When the Linux wants to access any hardware device, it first opens a file that "points" toward that device (the device node). Based on information it finds in the inode, the operating system determines what kind of device it is and can therefore access it in the proper manner. This includes opening, reading, and closing, just like any other file.

Process states

State Diagram

State transitions

A newly created process enters the system in state 5.

If an exec() is made, then this process will end up in kernel mode (2).

When a process is running, an interrupt may be generated (more often than not, this is the system clock) and the currently running process is pre-empted (3).

This is the same state as state 3 because it is still ready to run and in main memory.

More Transitions

When the process makes a system call while in user mode (1), it moves into state 2 where it begins to run in kernel mode.

Assume at this point that the system call made was to read a file on the hard disk. Because the read is not carried out immediately, the process goes to sleep, waiting on the event that the system has read the disk and the data is ready. It is now in state 4.

When the data is ready, the process is awakened. This does not mean it runs immediately, but rather it is once again ready to run in main memory (3).

If a process that was asleep is awakened (perhaps when the data is ready), it moves from state 4 (sleeping) to state 3 (ready to run). This can be in either user mode (1) or kernel mode (2).

End

A process can end its life by either explicitly calling the exit() system call or having it called for them.

The exit() system call releases all the data structures that the process was using.

One exception is the slot in the process table, which is the responsibility of the init process. The slot in the process table is used for the exit code of the exiting process. This can be used by the parent process to determine whether the process did what it was supposed to do or whether it ran into problems.

The process shows that it has terminated by putting itself into state 8, and it becomes a "zombie." Once here, it can never run again because nothing exists other than the entry in the process table.

This is why you cannot "kill" a zombie process. There is nothing there to kill. To kill a process, you need to send it a signal (more on signals later). Because there is nothing there to receive or process that signal, trying to kill it makes little sense. The only thing to do is to let the system clean it up.

Access to a resource

Processes waiting for a common resource all wait on the same wait channel. All are woken up when the resource is ready. Only one process gets the resource. The others put themselves back to sleep on the same wait channel.

When a process puts itself to sleep, it voluntarily gives up the CPU. It may be that this process had just started its turn when it couldn’t access the resource it needed.

Signals

Signals are a way of sending simple messages to processes.

Most of these messages are already defined and can be found in <linux/signal.h>. Most are generated in the kernel

Signals can only be processed when the process is in user mode.

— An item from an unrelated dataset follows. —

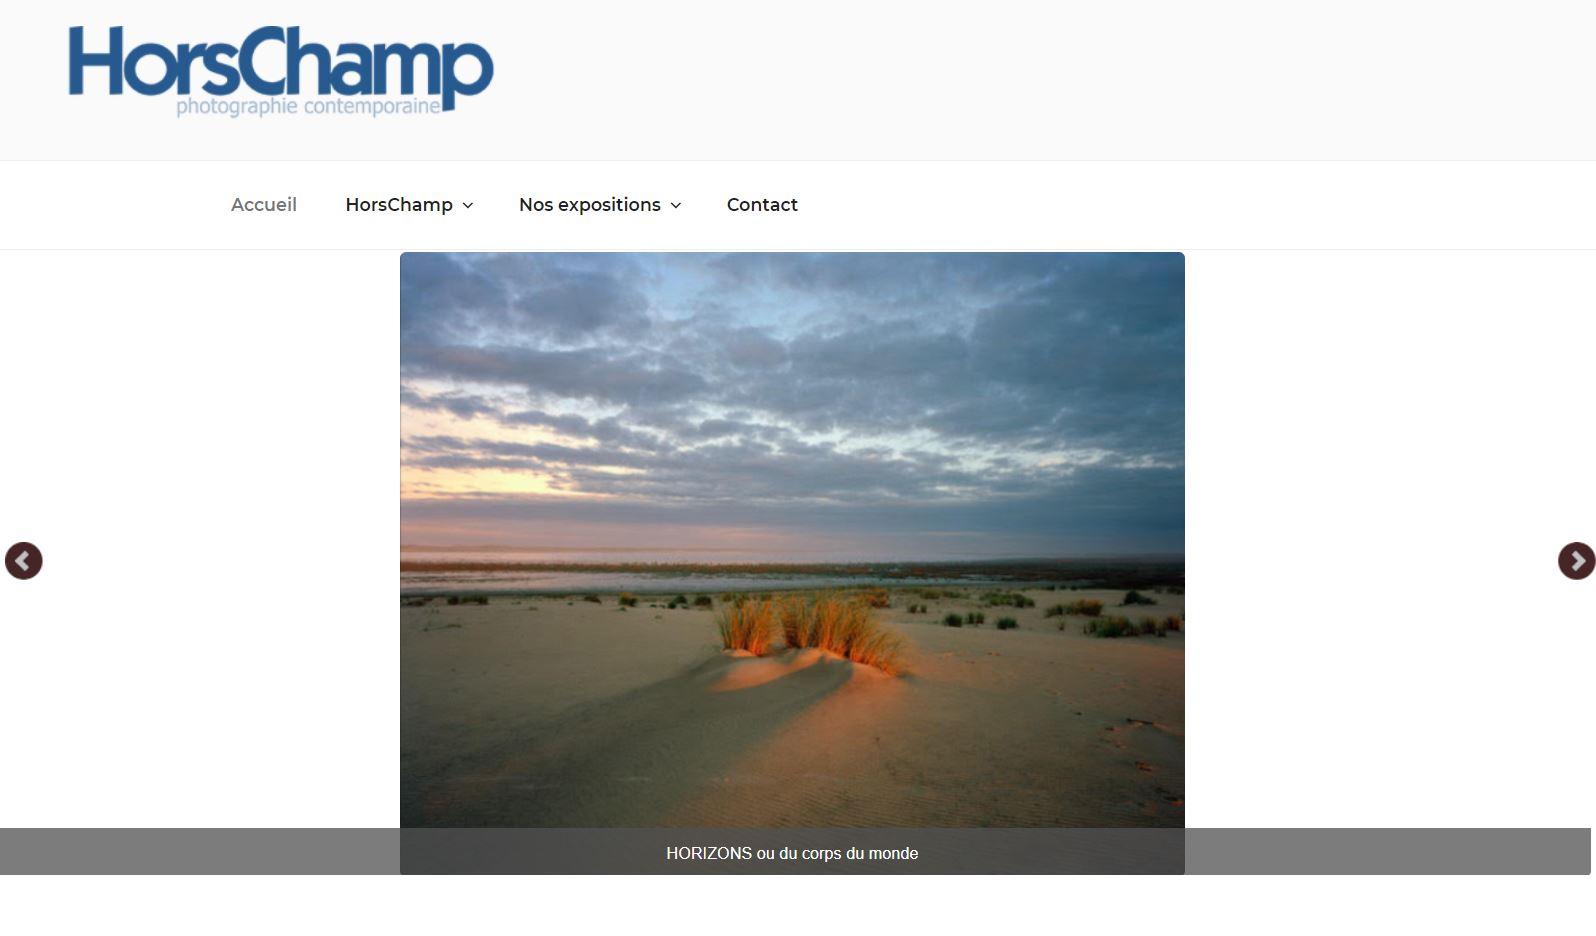 Site d'une association sur la photographie d'art

If a signal has been sent to a process that is in kernel mode, it is dealt with immediately on returning to user mode.

Signals -2

Signals are used to signal asynchronous events to one or more processes. A signal could be generated by a keyboard interrupt or an error condition such as the process attempting to access a non-existent location in its virtual memory.

Signals are also used by the shells to signal job control commands to their child processes.

There are a set of defined signals that the kernel can generate or that can be generated by other processes in the system, provided that they have the correct privileges.

Signals - 3

Linux implements signals using information stored in the task_struct for the process. The number of supported signals is limited to the word size of the processor.

The currently pending signals are kept in the signal field with a mask of blocked signals held in blocked. With the exception of SIGSTOP and SIGKILL, all signals can be blocked.

If a blocked signal is generated, it remains pending until it is unblocked.

Linux also holds information about how each process handles every possible signal and this is held in an array of sigaction data structures pointed at by the task_struct for each process. Amongst other things it contains either the address of a routine that will handle the signal or a flag which tells Linux that the process either wishes to ignore this signal or let the kernel handle the signal for it.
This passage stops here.